Research

Determining the Gold Standard Compassion Measure: A Systematic Review

Dr. Shane Sinclair

July 22, 2022

A Report Card of Compassion Measures?

After publishing the results of the development and validation of the Sinclair Compassion Questionnaire (SCQ), we wanted to determine how the SCQ compared to other compassion scales that are currently available and to determine what is the most valid and reliable measure of compassion. We did this by updating our previous systematic review that we conducted prior to developing the SCQ, to determine the gaps, strengths, and limitations within the field. At that time, the highest scoring compassion measure scored only 38/100 on the EMPRO, a valid and reliable tool for Evaluating Measures of Patient-Reported Outcomes, causing us to conclude, that at that time, there were no existing compassion scales that measured compassion in a comprehensive and methodologically rigorous fashion.
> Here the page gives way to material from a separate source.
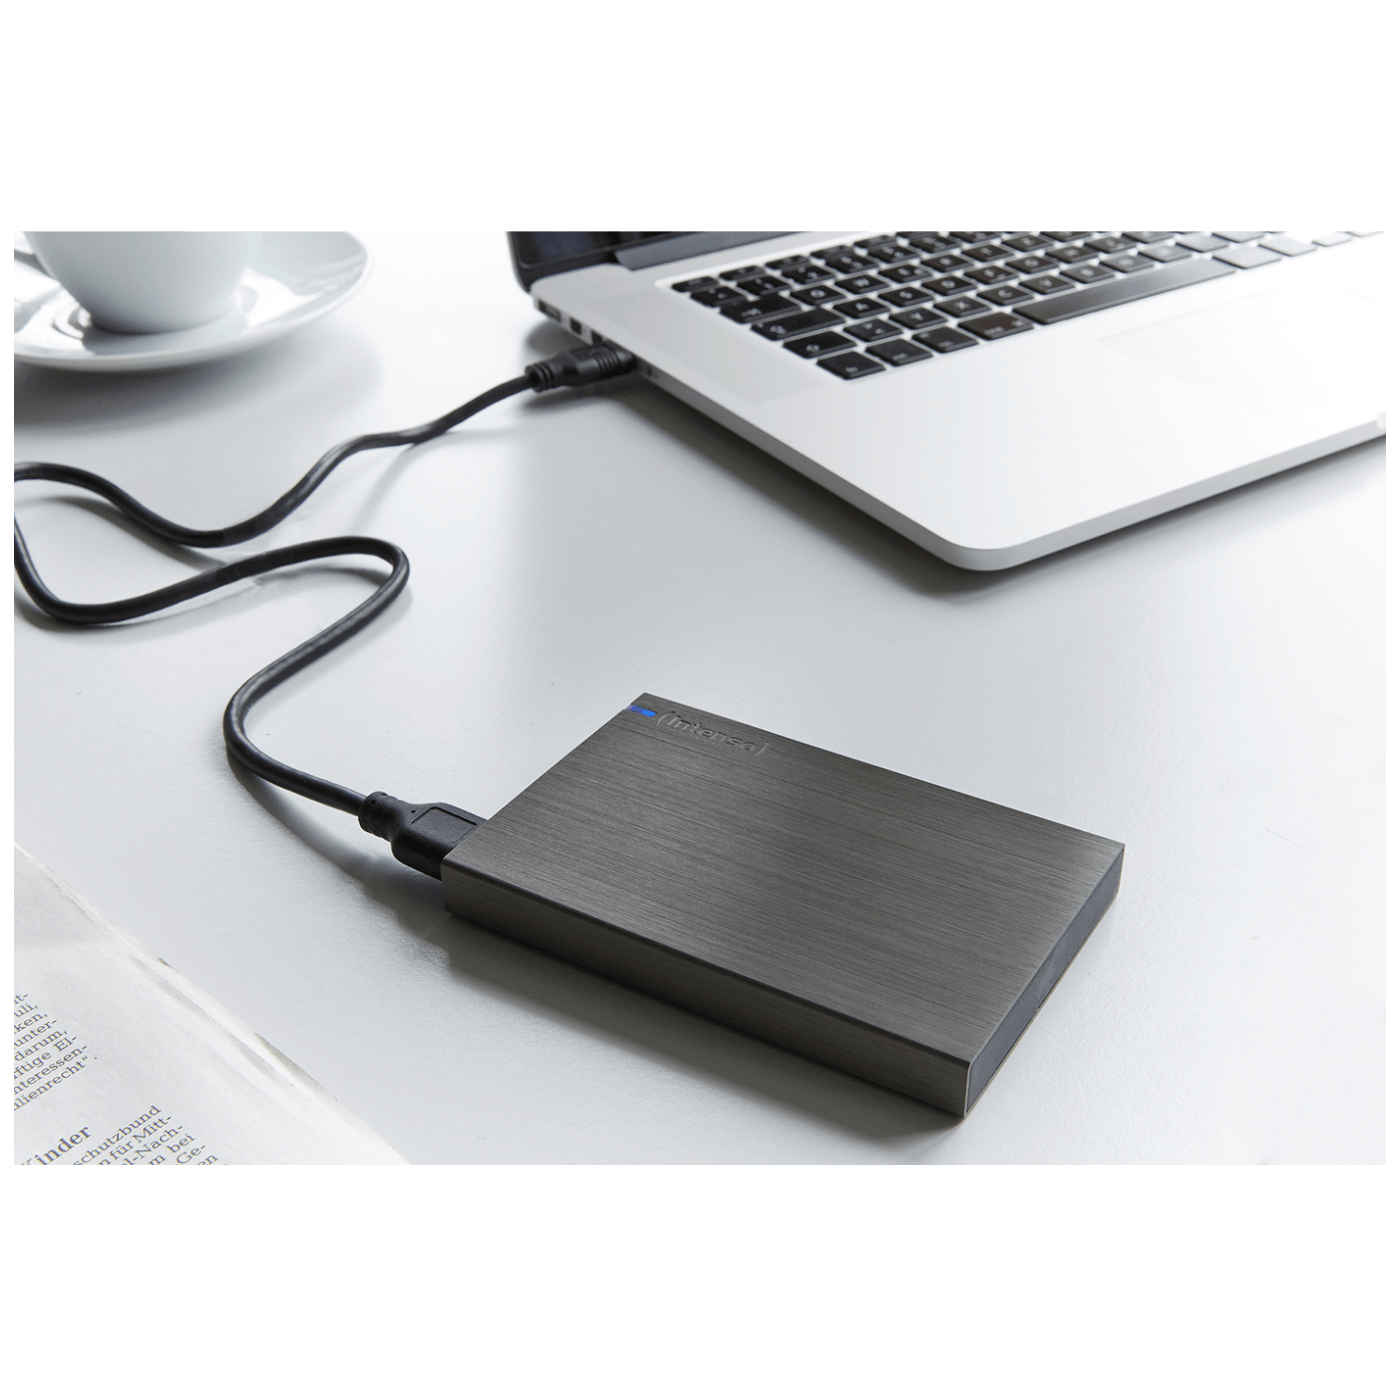 HDD3.0-2TB/Memory Board

The results of our updated review*, which included both new measures and subsequent research on previously identified measures, indicate that this has now changed--with the SCQ being identified as the most valid and reliable compassion measure for research, practice, and healthcare system evaluation.

The results of our updated review indicate that the SCQ is the most valid and reliable compassion measure for research, practice, and healthcare system evaluation.

Lessons Learned: Establishing Construct Validity,  Patient Engagement, and Adhering to Measure Development Guidelines.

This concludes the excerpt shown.